Alternatively, the priority lists may be updated based on the content of the packet stream. In such a transport stream encoder, each packet produced by the packet stream encoder is analyzed by a data collector to determine the identity of the component signal source whose data is contained in that packet. The entries in the plurality of lists are updated in response to the gathered data, for example, to take advantage of a lull in the data rate of one component signal. In this case, the entries in the plurality of lists are updated to decrease the priority of the component signal experiencing a lull, thereby increasing the priorities of the other component signals. In this manner, the operation of the transport stream encoder may be optimized to the instantaneous changes in the data rate of the component signal sources.

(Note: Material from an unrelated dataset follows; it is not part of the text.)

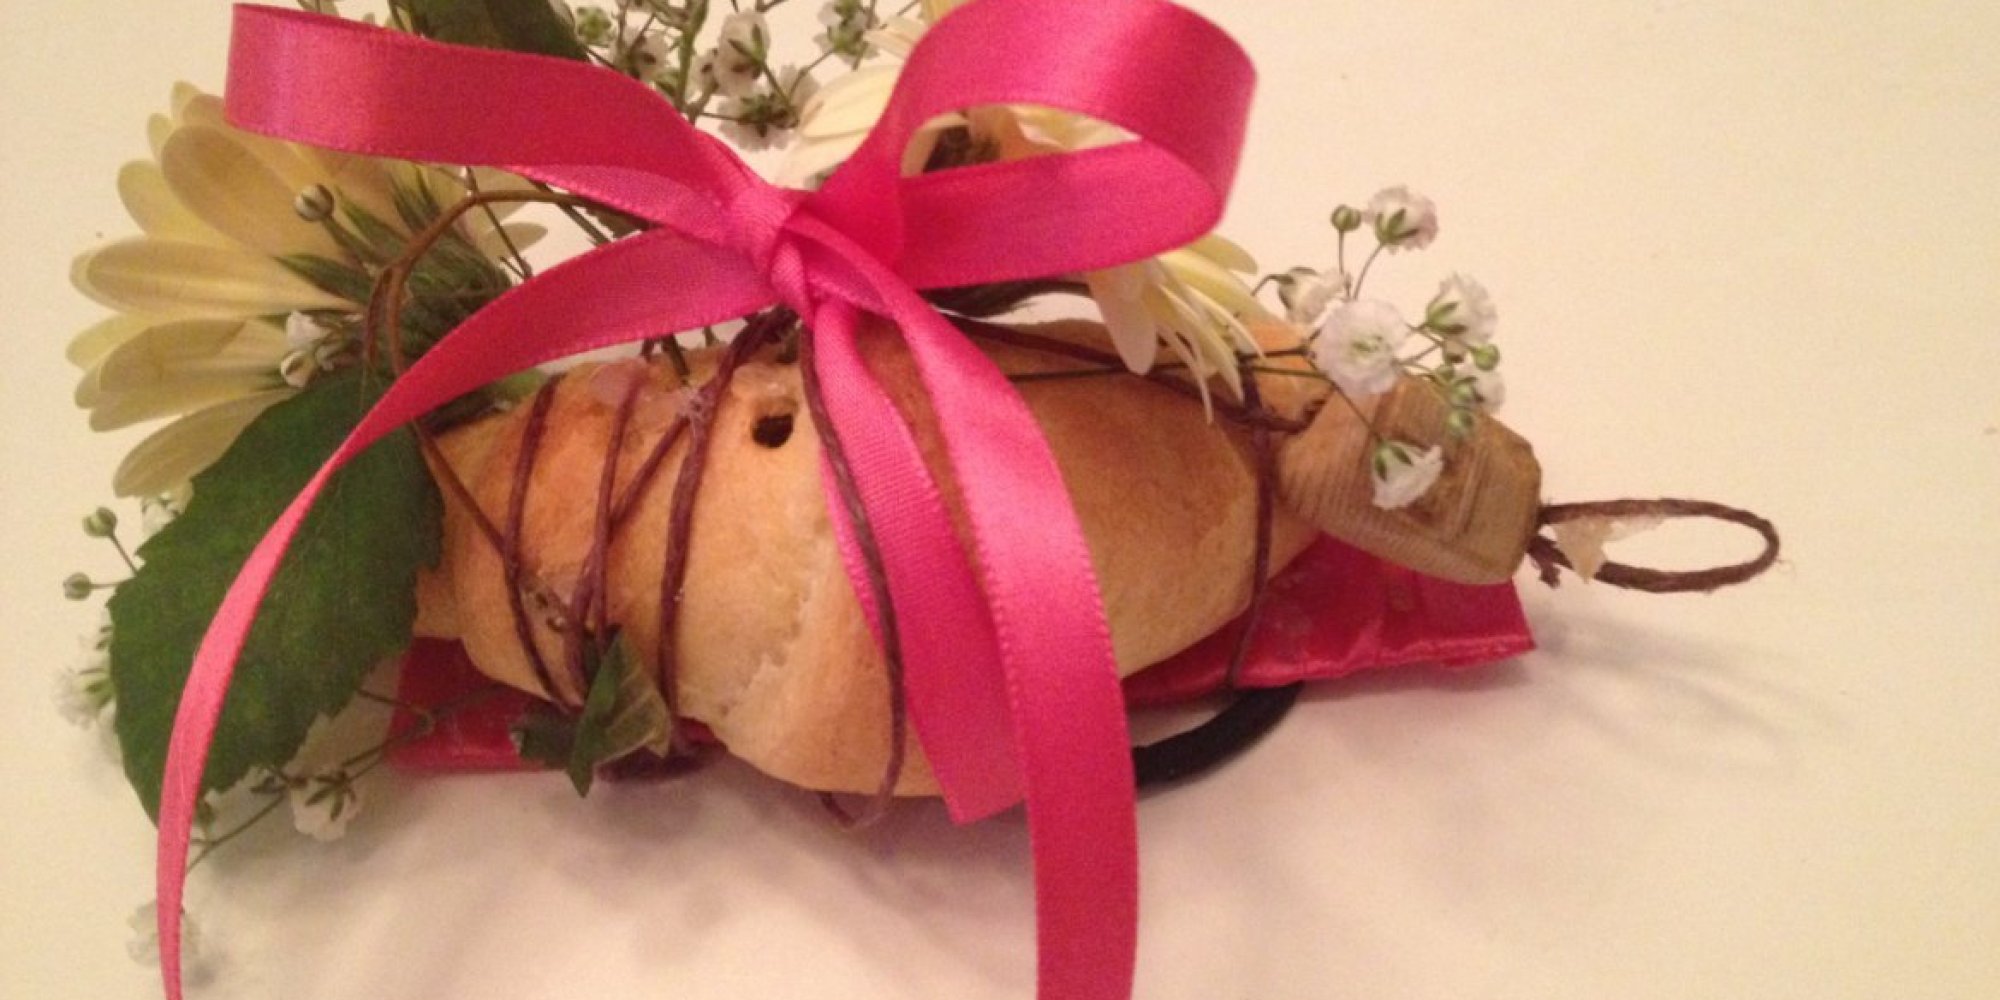 Twitter trolls boy for croissant corsage mishap for prom Daily Mail

Referring again to the example of a bank desiring to transmit a file of transactions from one location to another overnight, the packet transport stream encoder of either 08/442,429 or 08/576,524 may be used to perform this transfer. By placing an entry corresponding to the bank data component signal source at the bottom of each priority list, when no other component signal has enough data to form a packet in that packet slot, a packet containing some of the bank data will be formed and transmitted, instead of a null packet. Because a null packet will never be transmitted so long as there is bank data to transmit, all generated packets will carry data. The transfer of information in this manner is called an opportunistic transfer. But, in the above system, there can be no guarantee that the bank data will be transmitted within a specified time period. It is desirable that a packet transport system be able to provide guaranteed delivery of opportunistic data within a specified time period.